Episode 4 – Hang the DJ

This episode introduces us to Amy and Frank – two 20-somethings that have elected to be part of a dating program that places an expiry date on each match. On their first date, they’re given a measly 12 hours together. Under the assumption they’ll probably never see each other again they figure “what could go wrong?” and throw caution to the wind for the evening. But when the 12 hours are done, they realize they have more in common than they initially thought. This sets off a pattern of questioning the program, and indeed “the hub” that they now live inside, leading to the twist towards the end of the hour.

Amy (Georgina Campbell) is played with affable warmth and seems to be a perfect match for Frank (Joe Cole) who is similarly lovable and hard-to-dislike, though, the great thing about Amy and Frank is that there’s an element of frailty to everything. Even the moments of backslapping banter and name-calling are tinged with self-deprecation. We’re aware all the time of their insecurities, subtly revealed in tiny ways by both the actors and Brooker’s excellent writing. Not only that, but Georgina Campbell and Joe Cole have instant, magnetic chemistry on screen, so much so that it’s hard not to enjoy their burgeoning relationship.

There’s a lot more laughs in this episode and thank God because the episodes preceding this really leave you feeling hollow. Georgina Campbell and Joe Cole carry this weight on their shoulders effortlessly, bringing a much-needed breath of fresh air to the otherwise morose season of horror stories. There’s also a great twist to this episode – the program is nothing more than an app on a phone. The program, in reality, is an algorithm to match potential mates together in the real world and the matches are based on who questions the system operating within “the hub.” This is a great episode because it questions our relationship to technology without scaring the living daylights out of the viewers. Much like the San Junipero episode from season 3, we’re given the happy ending we craved, and the episode absolutely succeeds as a result. At the conclusion, Amy and Frank spot each other across a crowded bar and, presumably, begin their relationship, together – face to face and in living colour. Away from the black mirrors of our phones.

That’s not to take away from the latent misery in Charlie’s work. Indeed, misery, dystopia, morbidity, pathos – many of these emotions are powerful and feature in Brooker’s work for a good reason – he knows how to tell a sad story. The final episode of the season, for example, is an excellent foray into revenge and race politics (the first time it’s explicitly handled in the show’s history) and its a resounding success – it just helps sometimes to have a build up on the rollercoaster before you send us hurtling down into hell.

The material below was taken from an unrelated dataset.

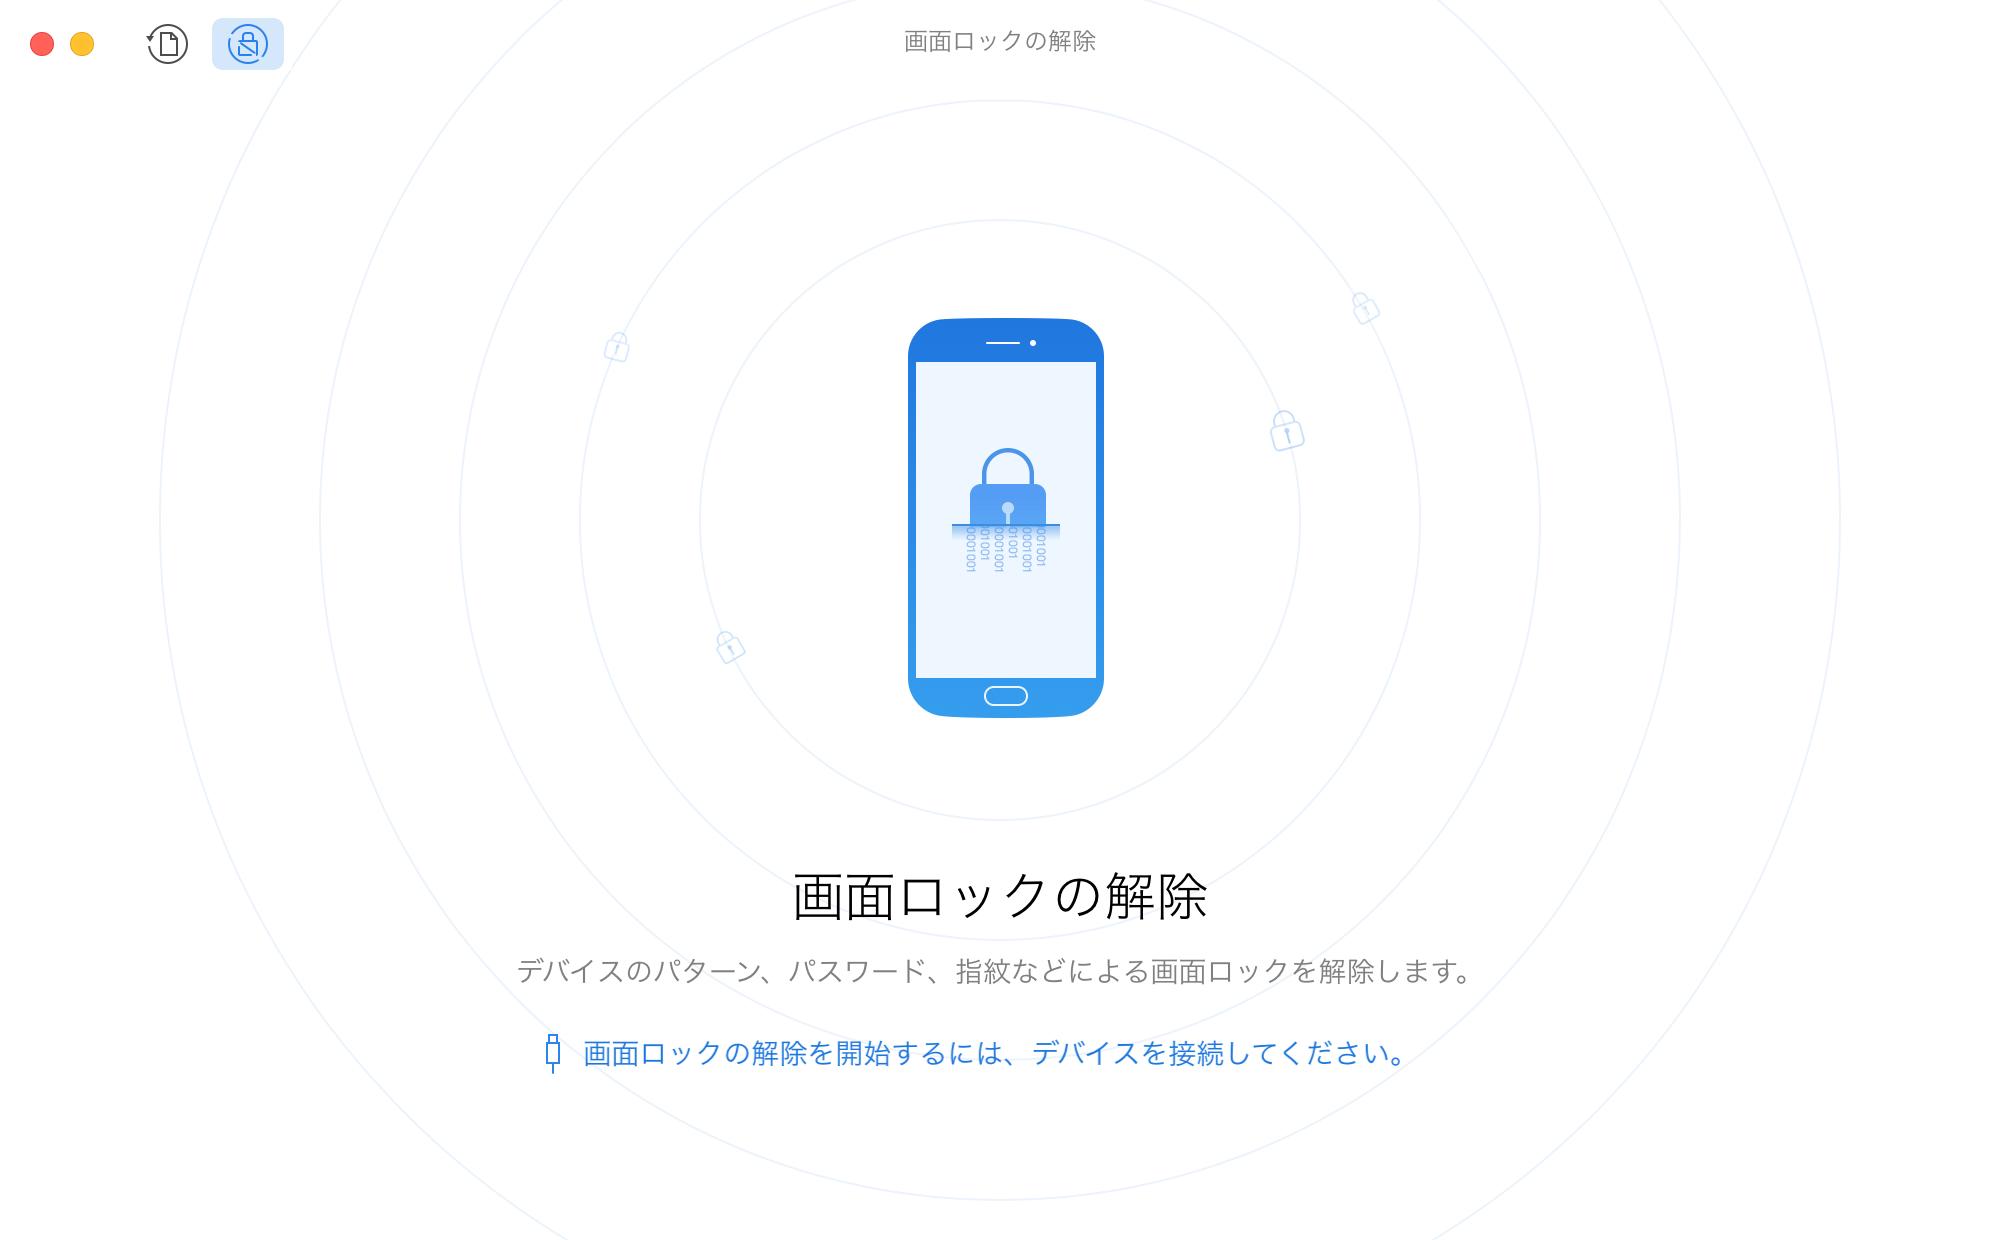 SAMSUNGデバイスを接続

There are no clear plans for Charlie Brookers next move, especially as he’s hinted that he might be done with Black Mirror for now. However, the time is ripe for Brooker got his hands dirty with more on the nose satire again – much of his linguistic strength lies in his scabrous absurdities and at a time like this, it’s sorely missed. In the meantime, we can sleep easy knowing that Charlie has produced some of the most beloved and challenging TV in years and that a picture exists of the man himself sticking a fork in his buttocks. Happy days.